Arrrrgggghhhhhhh. I have to go to bed now. I'm so fucking tired.

1 comment:

La Otra said...

TnT...you are so on point...there needs to be an offensive to patriarchy. But the point of oppressing people is to entrap them in a position from where they can't resist domination, exactly what makes mounting an offensive an uphill battle. For most oppressed groups, that entrapment is both material and ideological: The boss man controls both what we can have and what we can think. Any offensive that feminists mount against the system has to attack from both these fronts.

Truer words were never spoken: The privileged whites of the women's movement end up alienating and invisibilizing the non-white and the less privileged, and it's all in a mad fucking scramble for crumbs.
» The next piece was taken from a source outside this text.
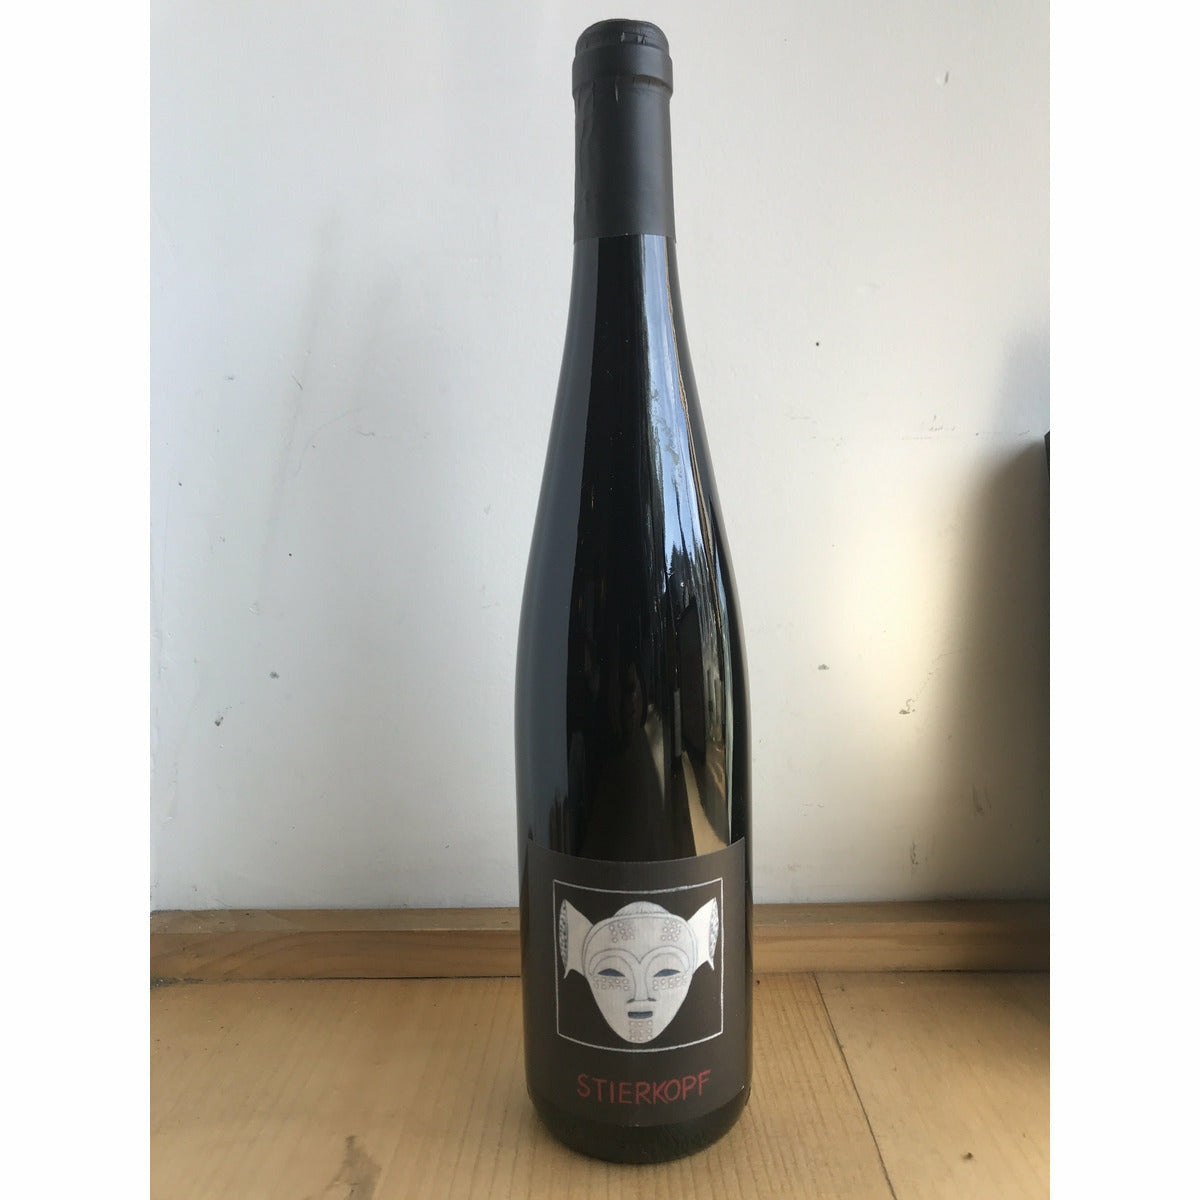 Domaine Rietsch Stierkopf Pinot Noir 2018
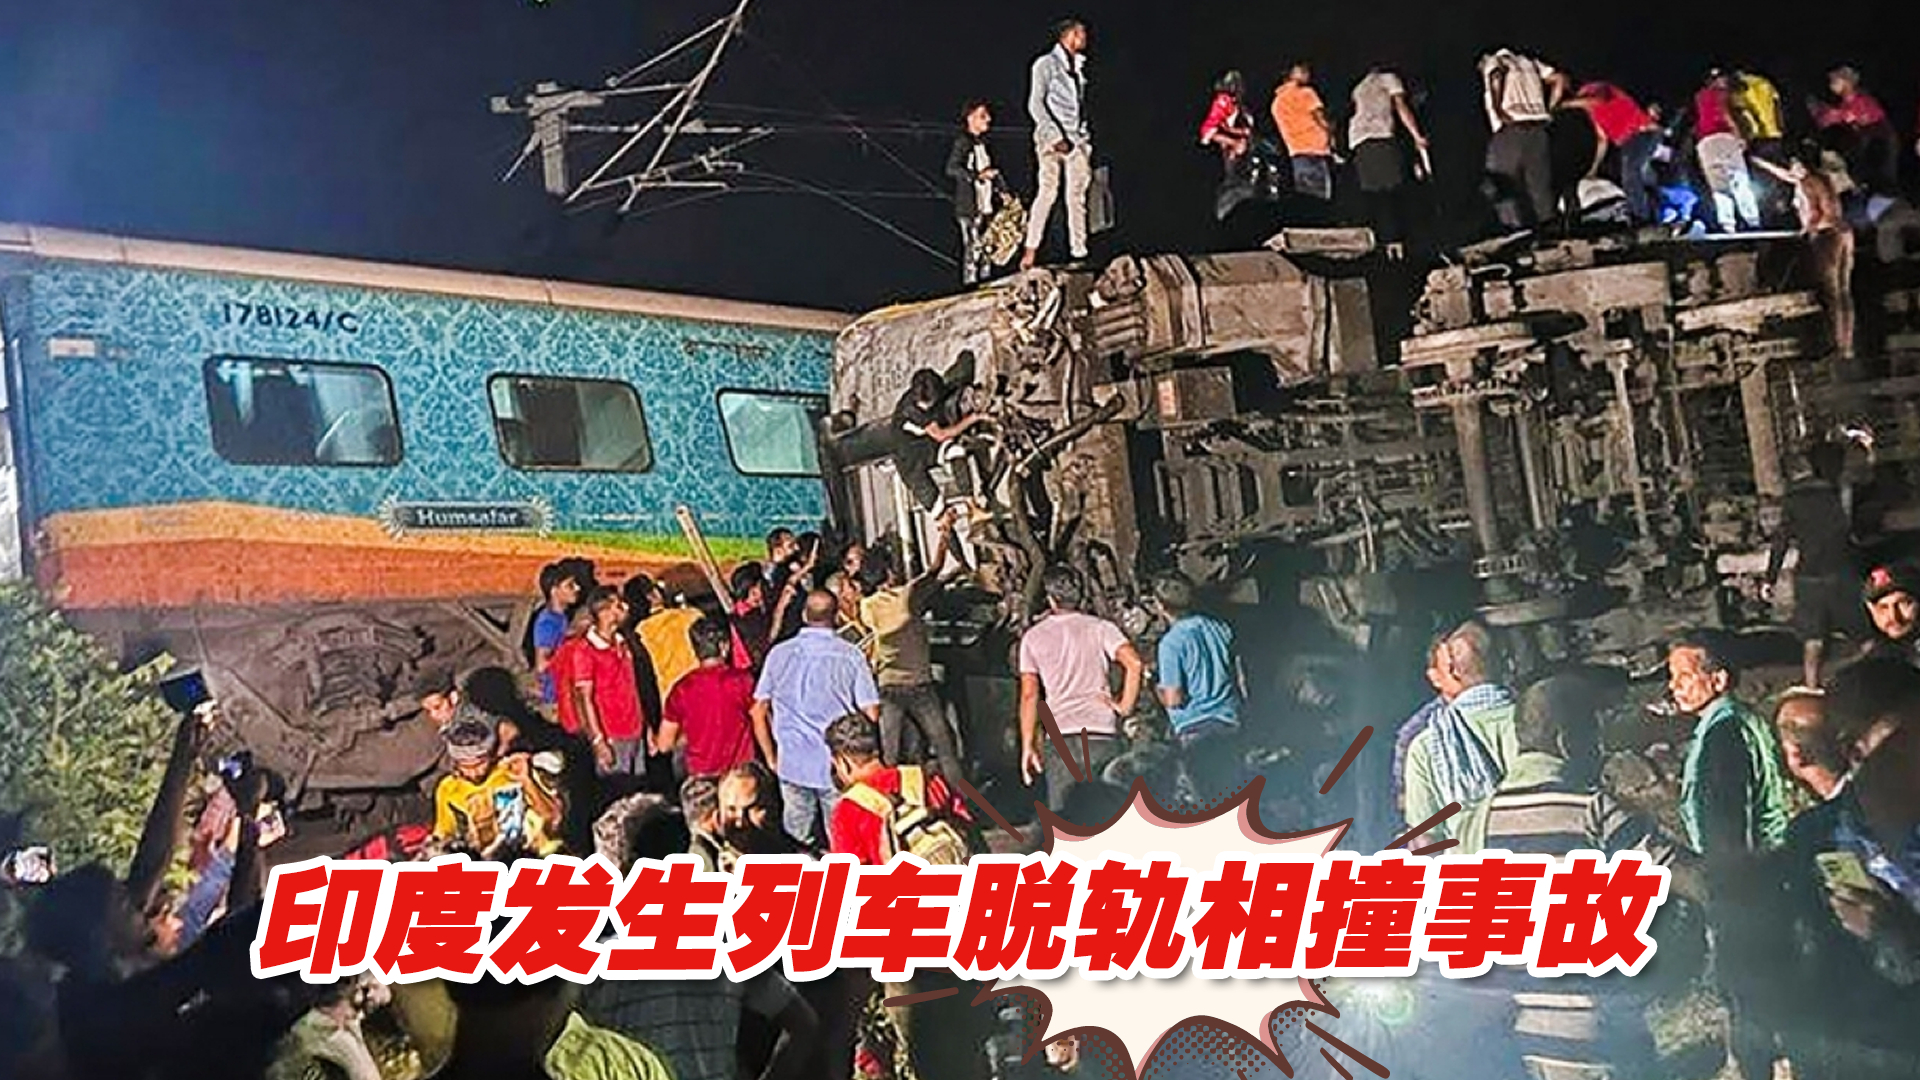 印度大巴车从桥上坠落 致数十人死伤_北京时间

For fucking CRUMBS, y'all.

The past month I have felt this in a big way, from folks calling themselves radicals and feminists. Even within these circles---the circles where I'm supposed to be supported by like-minded folks---I am still The Other. There are no Black people, no Asian, Middle Eastern, Latin@, or Native people. Just me and a bunch of white folks who see my face but can't see me.

It sure makes fighting the good fight bloody hard.